We have now arrived at the
question what part of a person acts as the transmitter and/or receiver, and
what is sent between transmitters and receivers. In the above discussion, we
all know what eyes and brains are, what astronomical objects are, and so forth.
We have constant, consistent experience with the physical world. The
transmitters and receivers are probably part of our physical bodies. Physicians
have centuries of experience that particular kinds of injuries and disease affecting
particular parts of the brain has particular impacts on particular mental
activities. We have much reason to consider thought to be in our physical
brain. Lacking good reason to attribute any part of thought or the sending of
thought to anything else, we should treat it as done by our physical bodies.
That being the case, the mechanism by which any thoughts would go from one
person to another should be a physical process. A physical process should be
available to scientific analysis, detection and even imitation by instruments.

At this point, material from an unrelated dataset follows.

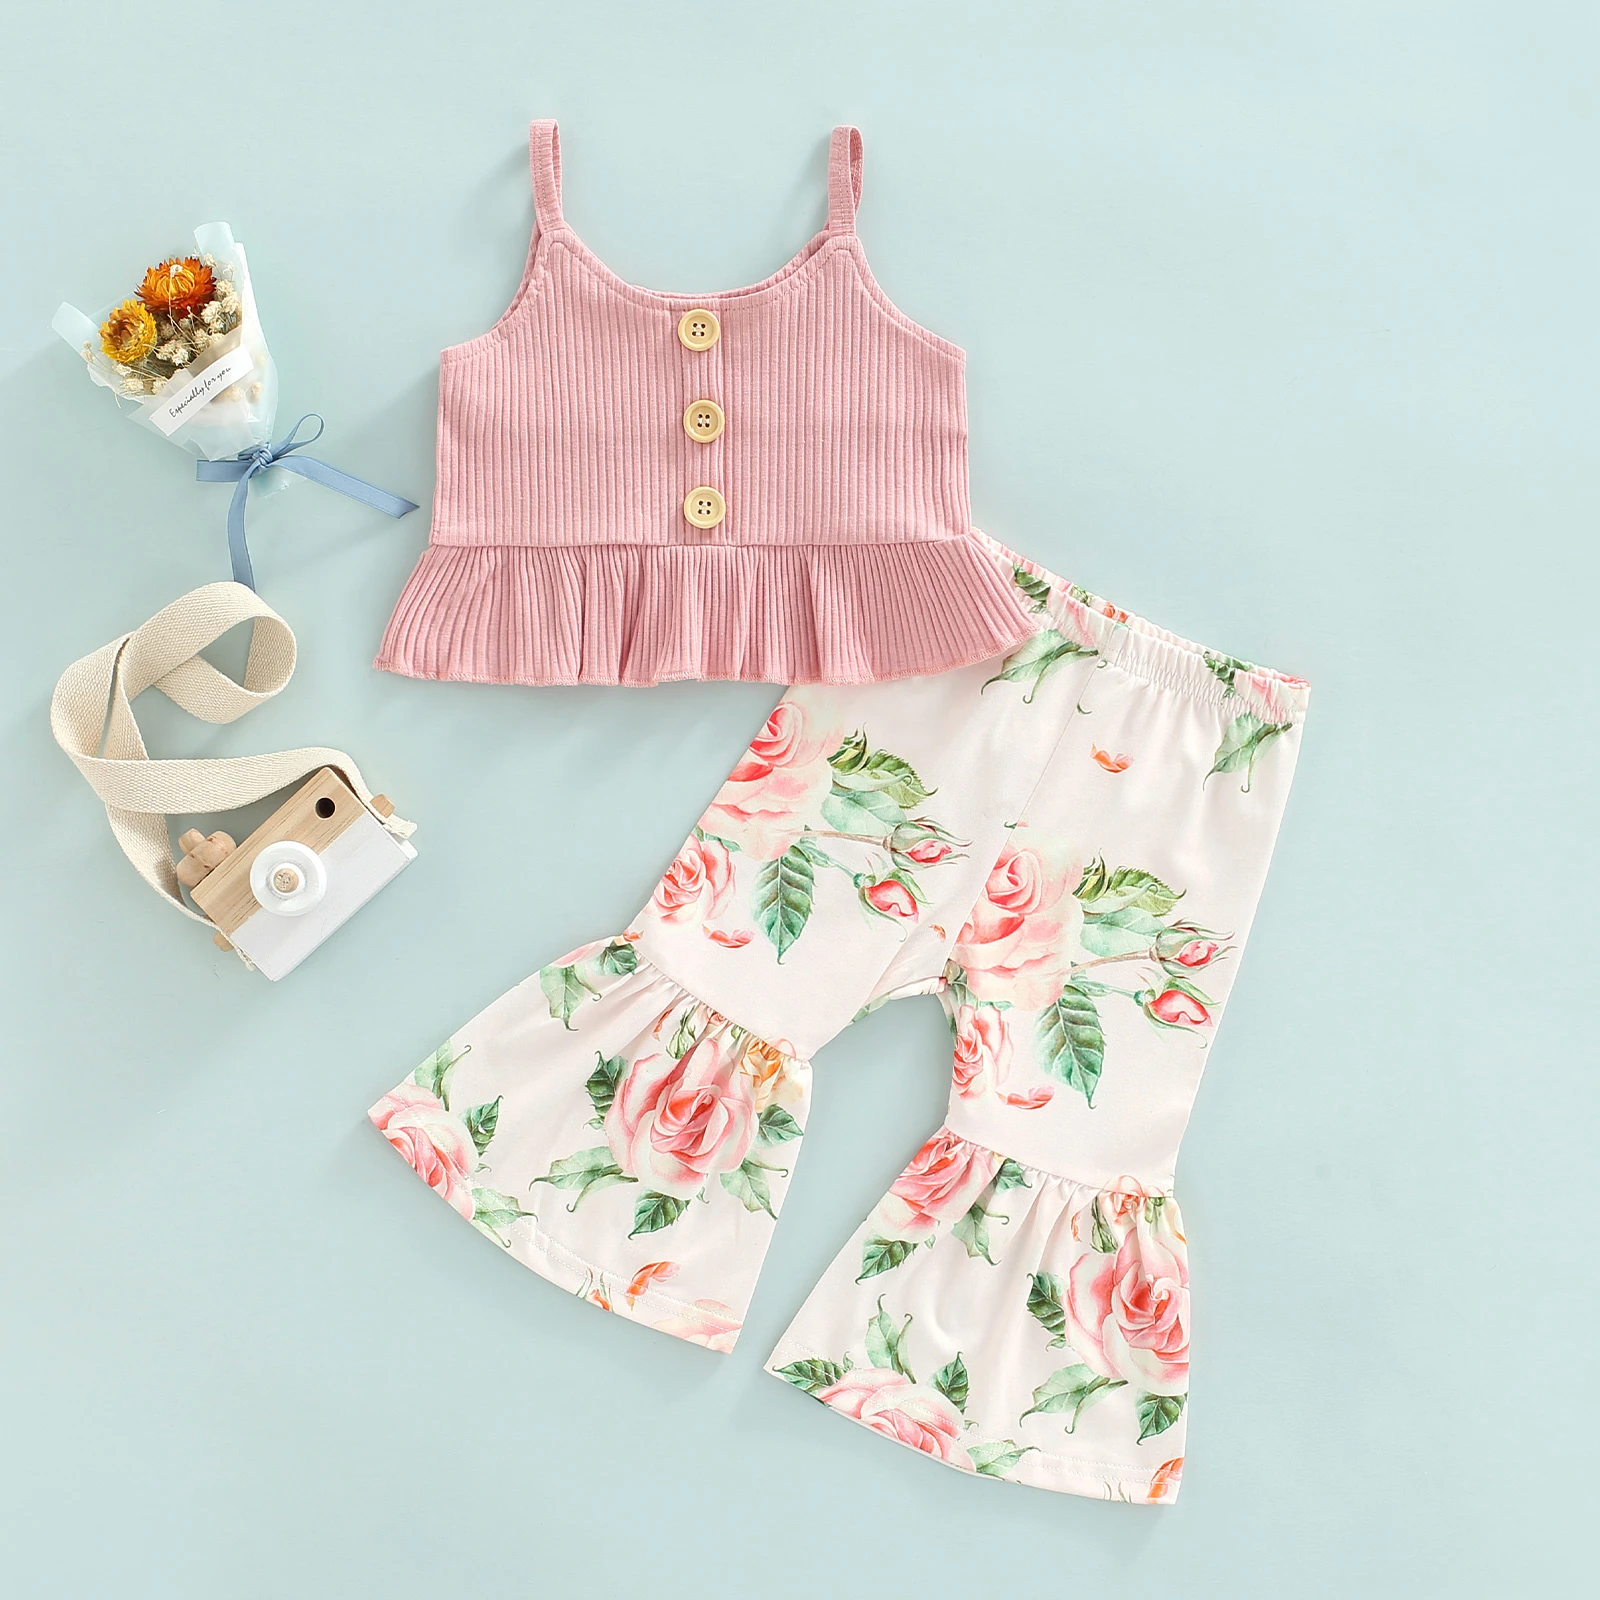 newborn baby clothing set Ma&Baby 6M-4Y Newborn Infant Baby Girls Clothes Set Summer Button Vest Tops Shorts Outfits Costumes D01 Baby Clothing Set discount
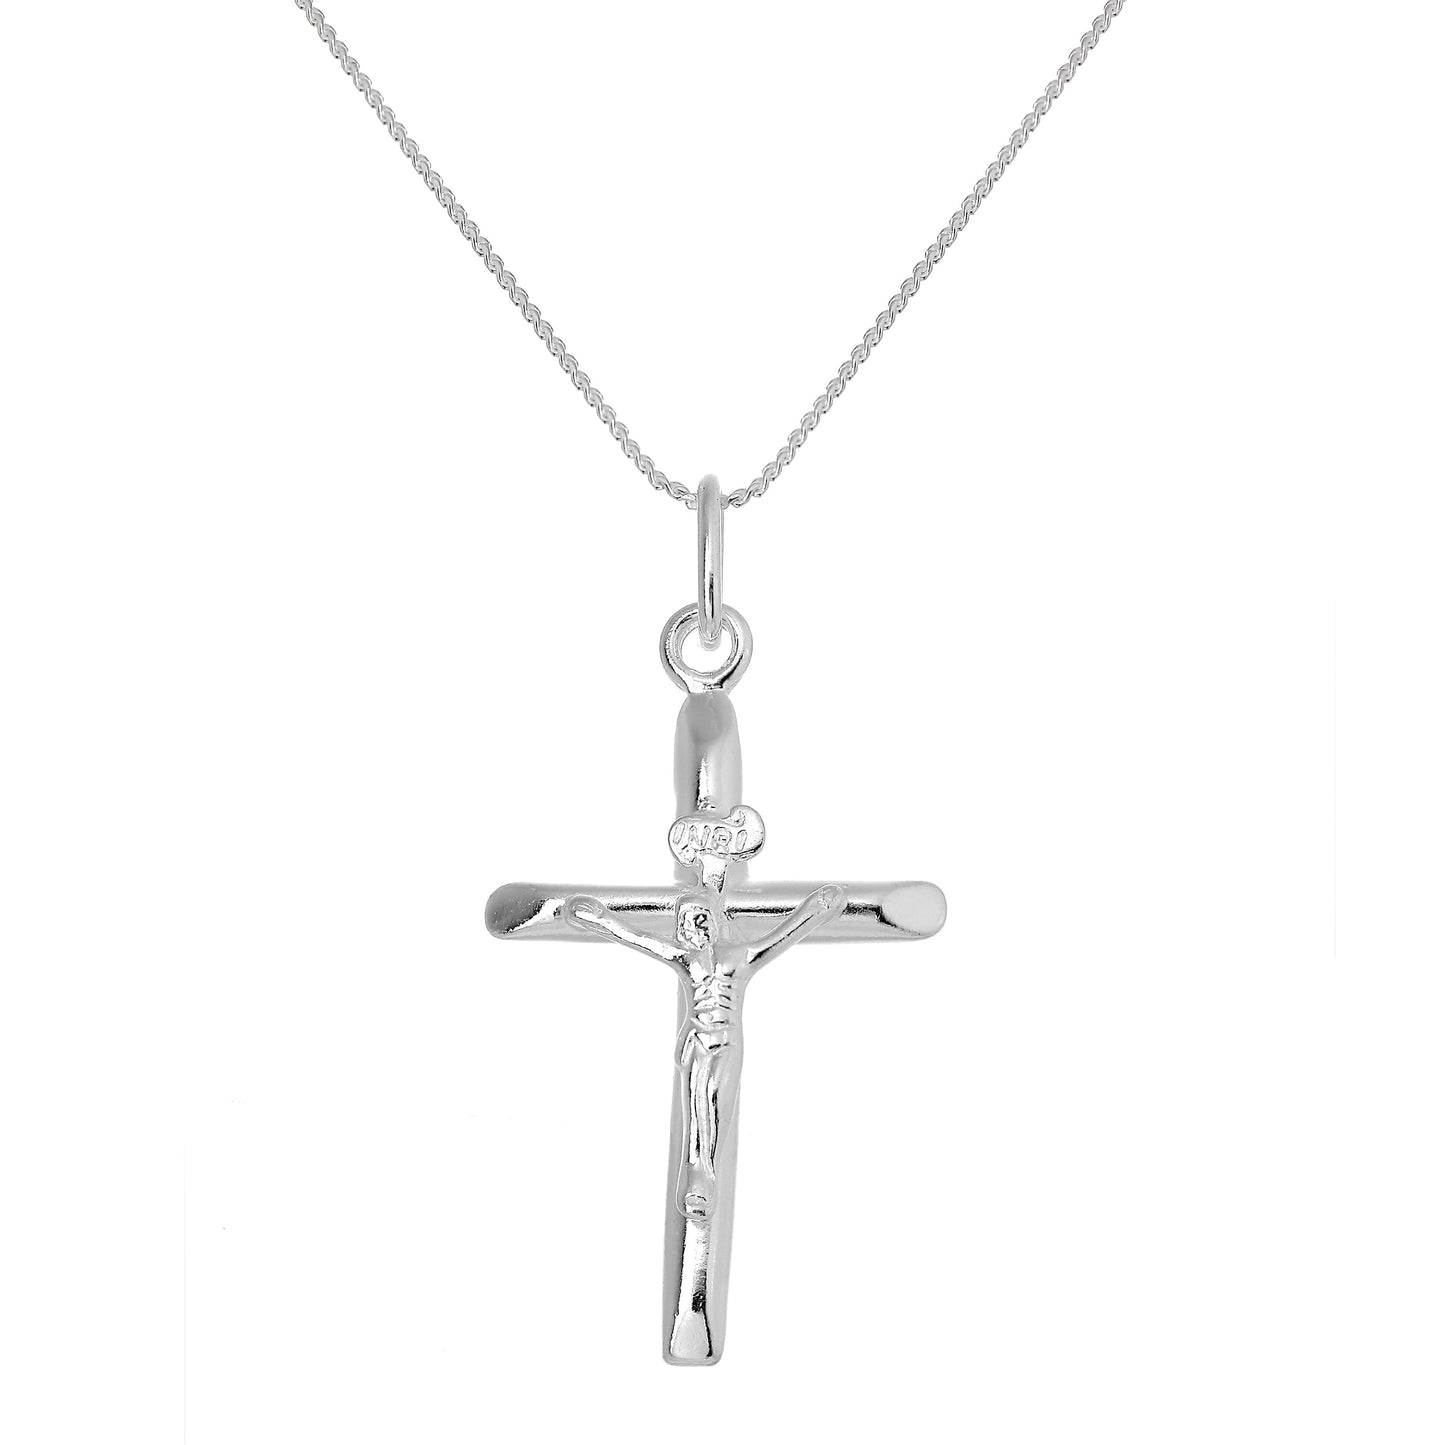 Large Sterling Silver Crucifix Cross Pendant Necklace 16 - 22 Inches

The fact scientists cannot
detect radio waves or other known means of transmission suggest either such a thing
does not exist or it is done by some physical process unknown to science. While
the latter cannot be entirely excluded, it is highly doubtful it applies in
this case. It is likely there are aspects of the universe scientists have not
yet uncovered. However, a part of the universe which individual human bodies
can and do interact with, but sophisticated scientific equipment developed to
interact with humans and the universe being unable to detect it is highly
improbable.
It could be argued that telepathy
and mind-reading is not entirely of a physical nature. Those who believe in
such things will often believe in supernatural aspects to humans and the
universe. Science deals with "nature." Inherently, that which is
"supernatural" is beyond the reach of science. Science can neither
prove nor disprove it. There are many questions that cast doubt on a spiritual
side to telepathy/mind-reading. First, very few people claim to experience such
psychic abilities, and those who do are not those one would consider most
spiritually developed (saints and the like). Second, since we know our mental
functions use our physical brain, we must at least have communications between
our physical brain and any spiritual part which plays a role. (People do not
tend to talk back and forth between their brain and spirit. People may believe
their conscience is their spirit talking to them, but at best that is a one way
monologue. Because each person's conscience tells them somewhat different
things depending on their cultural, religious and familial upbringing, it is
more likely it is not of supernatural origin.) Third, even if we consider
communication between the physical and spiritual, we again have to ask what the
nature of the communication is. It suggests an interaction between the physical
and spiritual realm. For the physical brain to detect or process a message, the
message should have to be sent to it in a physical format even if the source is
outside the physical world. Such a physical message should be detectable by science.